Working on the assumption that you're only going to need read-only access to the files why not just merge them all together and have a second "index" file (or an index in the header) that tells you the file name, start position and length. All you need to do is seek to the start point and read the correct number of bytes. The method will vary depending on your language but it's pretty straight forward in most of them. The hardest part then becomes creating your data file + index, and even that is pretty basic!
An ISO disk image might do the trick. It should be able to hold that many files easily, and is supported by many pieces of software on all the major operating systems.
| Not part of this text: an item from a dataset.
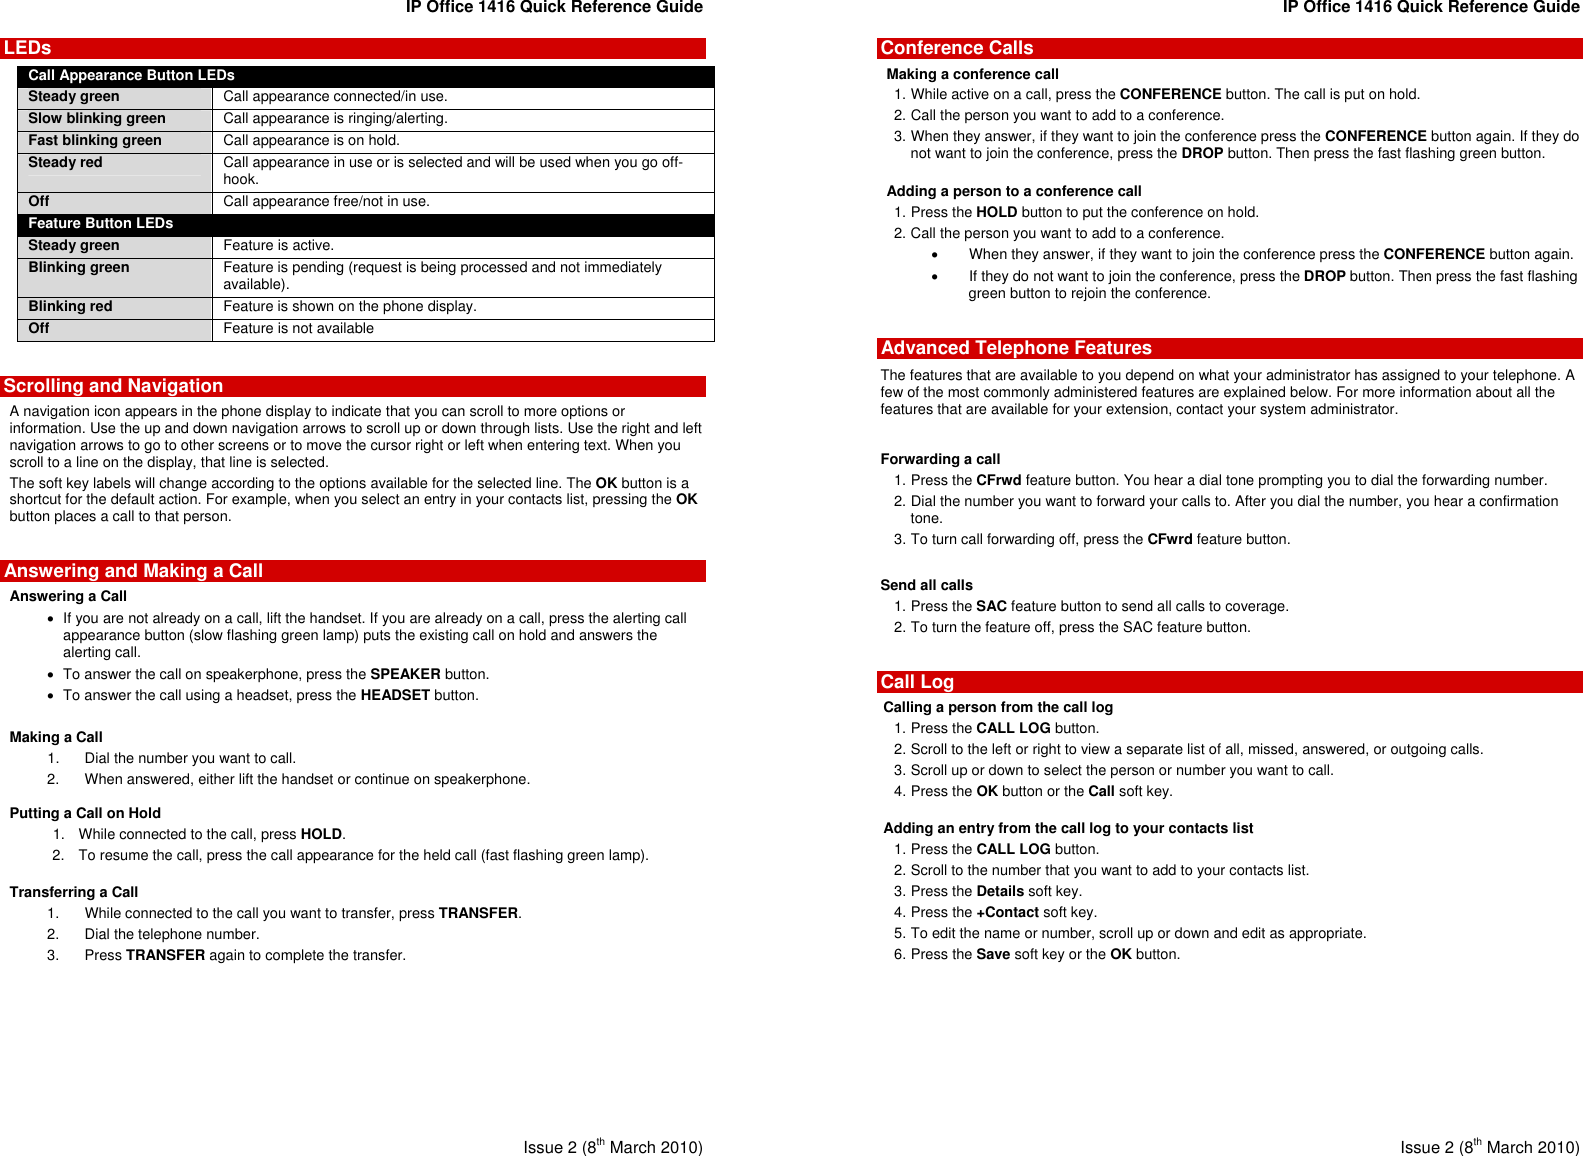 Avaya Ip Office 1416 Quick Reference Guide 1616

First, thank-you for expanding your question, it helps a lot in providing better answers. Given that you're going to need a SQLite database anyway, have you looked at the performance of putting it all into the database? My experience is based around SQL Server 2000/2005/2008 so I'm not positive of the capabilities of SQLite but I'm sure it's going to be a pretty fast option for looking up records and getting the data, while still allowing for delete and/or update options. Usually I would not recommend to put files inside the database, but given that the total size of all images is around 500MB for 4500 images you're looking at a little over 100K per image right? If you're using a dynamic path to store the images then in a slightly more normalized database you could have a "ImagePaths" table that maps each path to an ID, then you can look for images with that PathID and load the data from the BLOB column as needed. The XML file(s) could also be in the SQLite database, which gives you a single 'data file' for your app that can move between Windows and OSX without issue. You can simply rely on your SQLite engine to provide the performance and compatability you need. How you optimize it depends on your usage, for example if you're frequently needing to get all images at a certain path then having a PathID (as an integer for performance) would be fast, but if you're showing all images that start with "A" and simply show the path as a property then an index on the ImageName column would be of more use. I am a little concerned though that this sounds like premature optimization, as you really need to find a solution that works 'fast enough', abstract the mechanics of it so your application (or both apps if you have both Mac and PC versions) use a simple repository or similar and then you can change the storage/retrieval method at will without any implication to your application.
Check Solid File System - it seems to be what you need.